Microsoft's own efforts to build a cohesive development environment for both the Windows CE-based Windows Mobile 6 and its desktop Windows XP/Vista/7 platform initially revolved around the company's .Net APIs before shifting Windows Phone 7 to use Microsoft's Adobe Flash-like Silverlight as its mobile app platform.
Now, Microsoft is announcing a new shift that leverages the interest in HTML5 to deliver "web-connected and web-powered" apps (similar to HP's webOS platform acquired from Palm) that will run alongside legacy Windows apps on the forthcoming Windows 8. Microsoft says this approach "is designed and optimized for touch," although the company also says "it works equally well with a mouse and keyboard."
This all happened before
Microsoft took a simmer approach to catching up to Apple's Macintosh in the early 90s, layering a Mac-like user interface on top of DOS to initially deliver Windows, resulting in an operating system that looked like a Mac but could still revert to running text-based DOS apps.
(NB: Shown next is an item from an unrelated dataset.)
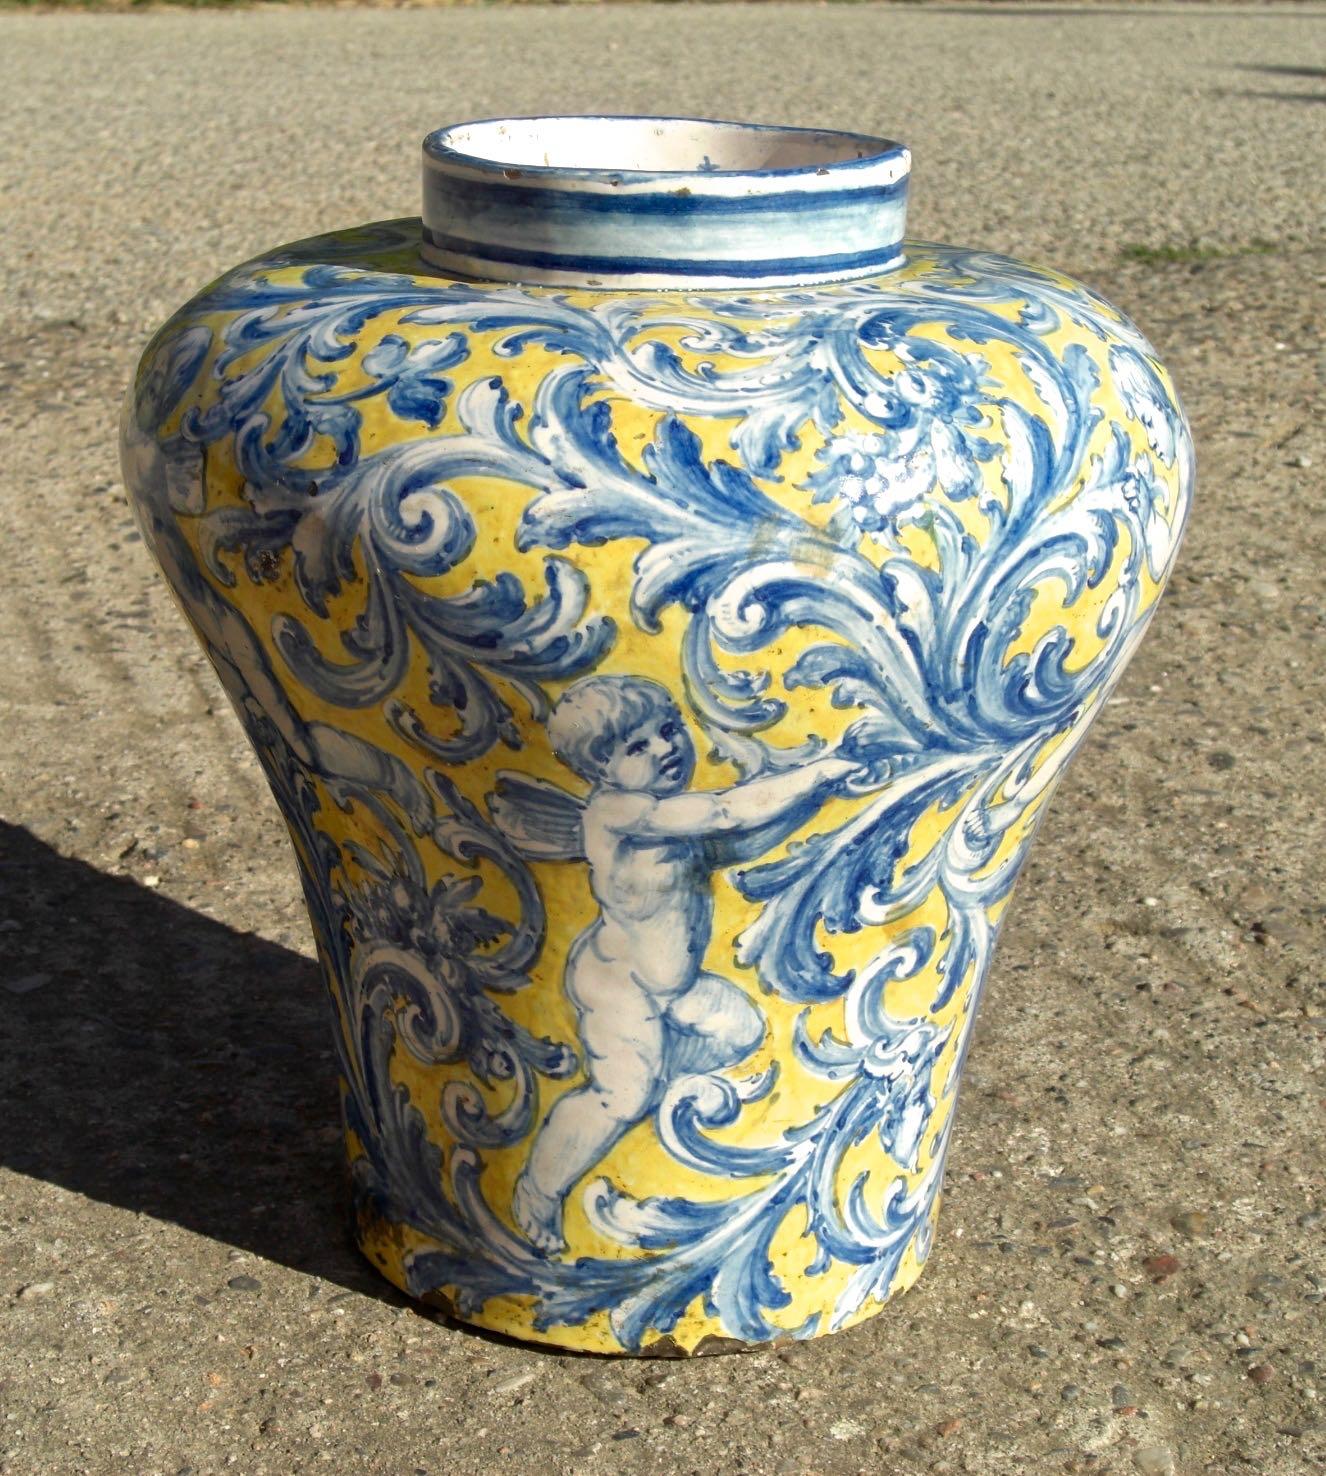 A beautifully preserved late 19th century painted majolica jar from Talavera de la Reina, Province of Toledo, in south-central Spain's Castile-La Mancha region, this piece was actually found in a magnificent private collection near Cordoba, Spain.
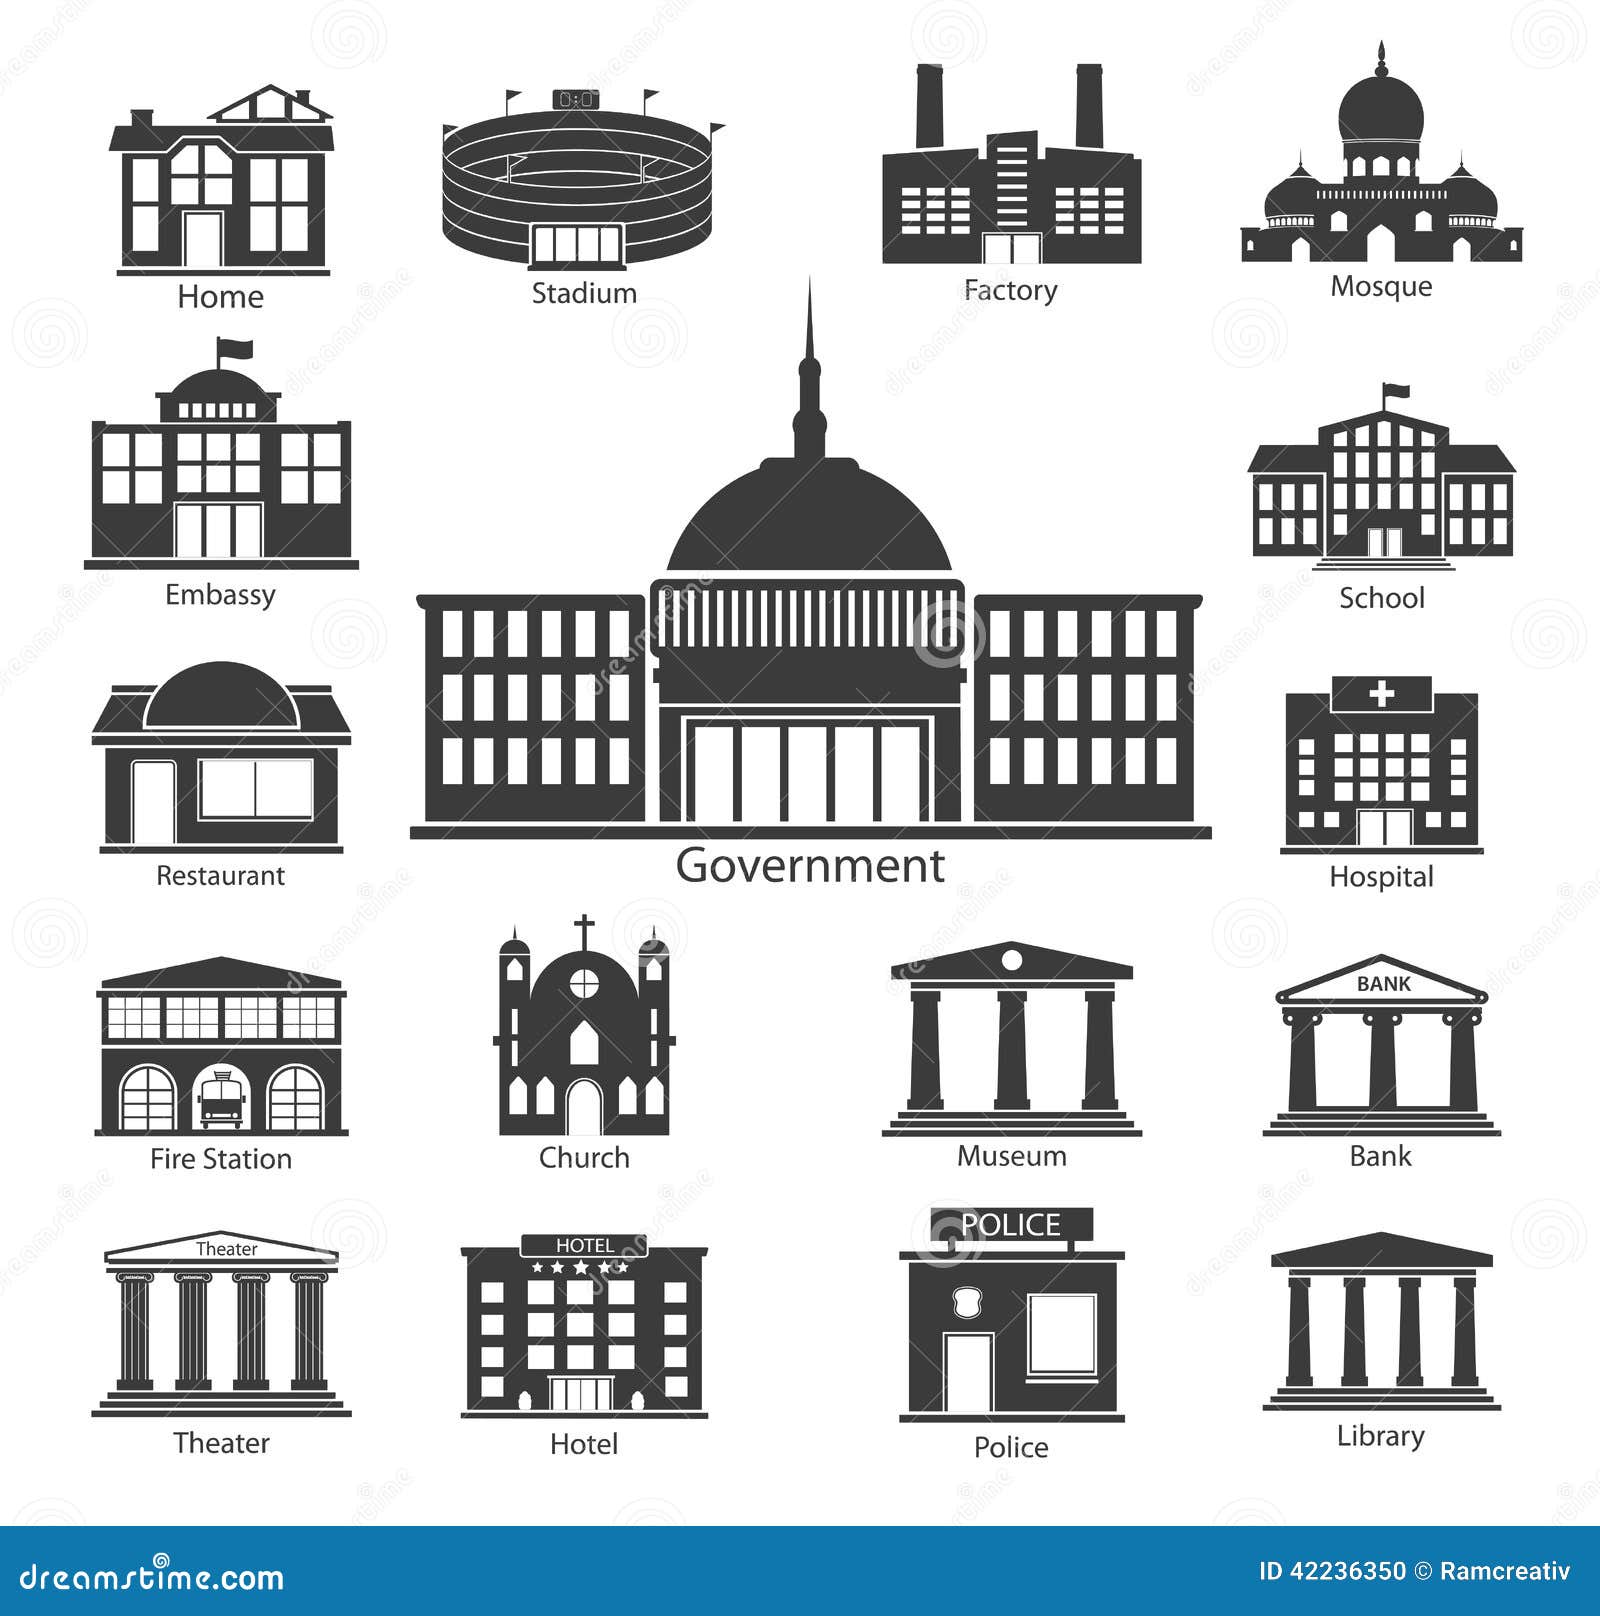 clipart government images - photo #32

The new HTML5 layer of Windows 8 works like the Dashboard layer of Mac OS X, although rather than only supplying quick assess to simple widgets, the new "Windows 8 apps" are intended to supply a layer of highly animated, full screen, touch-based apps capable of competing with native apps running on Apple's iPad.
Like Apple's iOS, Windows 8 is intended to be deployed on highly mobile devices such as ARM-based tablets in addition to the conventional PCs Windows has powered in the past. Unlike Apple's iOS, which became instantly popular on the iPhone before expanding to the iPod touch and iPad, Microsoft's tile-based Zune interface hasn't yet found a significant, sustainable audience. After the Zune failed, Microsoft KIN and Windows Phone 7 have both found little interest among consumers.
Microsoft's radical experimentation with Windows Vista in 2007 caused a negative backlash from Windows PC users, which has only settled down with the more conservative release of Windows 7. Sales of PCs have yet to rebound to levels prior to the release of Vista, and new mobile devices, in particular Apple's iPad, have siphoned off a significant amount of demand among generic PCs.
Microsoft does have considerable clout among its developers and hardware makers however, and describes the new Windows 8 as its biggest risk yet, hoping the new release, due sometime over the next couple years, will bring it back into relevance among new generations of consumers.